So I have this lExpression parser rule that's problematic, because the first alternative (#indexExpr) matches both the array and the procedure call:

lExpression :
    lExpression whiteSpace? LPAREN whiteSpace? argumentList? whiteSpace? RPAREN                                     # indexExpr
    | lExpression mandatoryLineContinuation? DOT mandatoryLineContinuation? unrestrictedIdentifier                  # memberAccessExpr
    | lExpression mandatoryLineContinuation? EXCLAMATIONPOINT mandatoryLineContinuation? unrestrictedIdentifier     # dictionaryAccessExpr
    | ME                                                                                                            # instanceExpr
    | identifier                                                                                                    # simpleNameExpr
    | DOT mandatoryLineContinuation? unrestrictedIdentifier                                                         # withMemberAccessExpr
    | EXCLAMATIONPOINT mandatoryLineContinuation? unrestrictedIdentifier                                            # withDictionaryAccessExpr
;

The problem

The specific issue I'm trying to fix here, is best depicted by the stack trace I'm getting out of the parse exception that's thrown with this code:

Sub Test()
    DoSomething (foo), bar
End Sub

failing test stack trace

I can see the callStmt() rule kicking in as it should, but then the expression that's meant to match DoSomething is matching a #lExpr that captures what should be the "argument list", but instead gets picked up as an array index.

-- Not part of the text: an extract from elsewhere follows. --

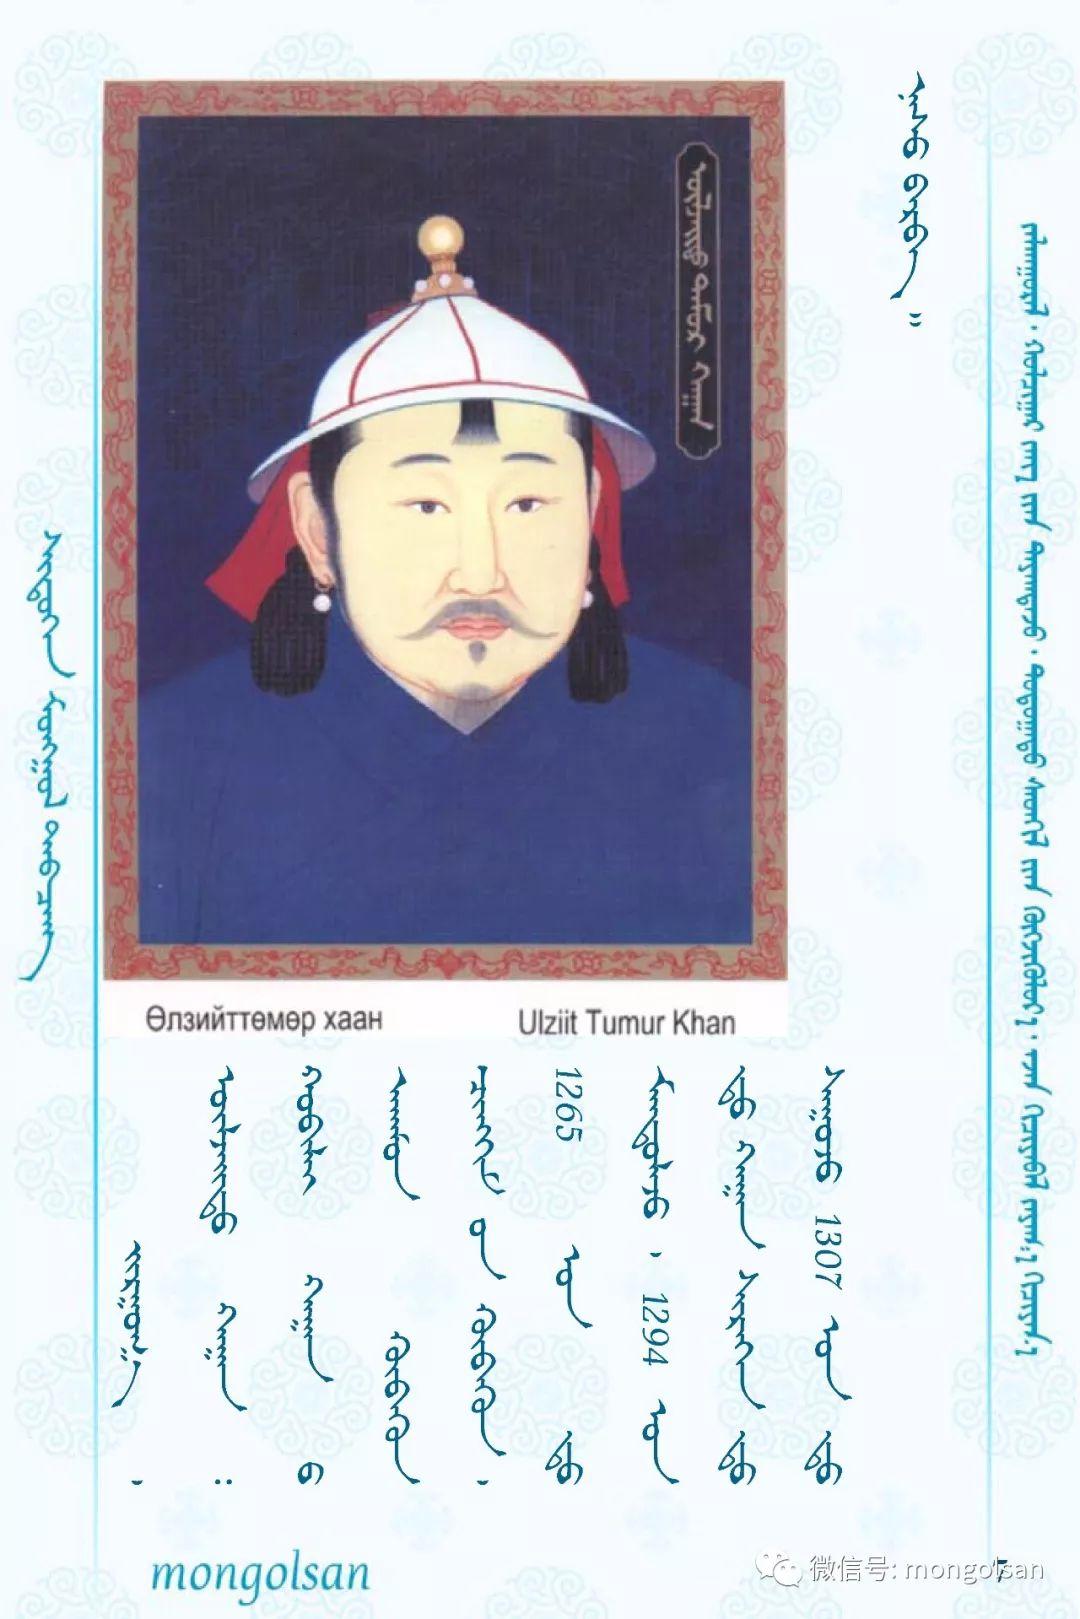 【关注】蒙古皇帝列表 第7张

Everything I've tried, from moving the #parenthesizedExpr up to a higher priority than #lExpr, to making a memberExpression rule and use that instead of expression in the callStmt rule, has failed (project builds, but I end up with 1500 failing tests because nothing parses anymore).

The reason #lExpr matches DoSomething (foo) is specifically because, well, it's perfectly legal to have an indexExpr there - it's as if I needed some way to ignore a rule in the parsing, but only when I know that there's a callStmt in the lineage.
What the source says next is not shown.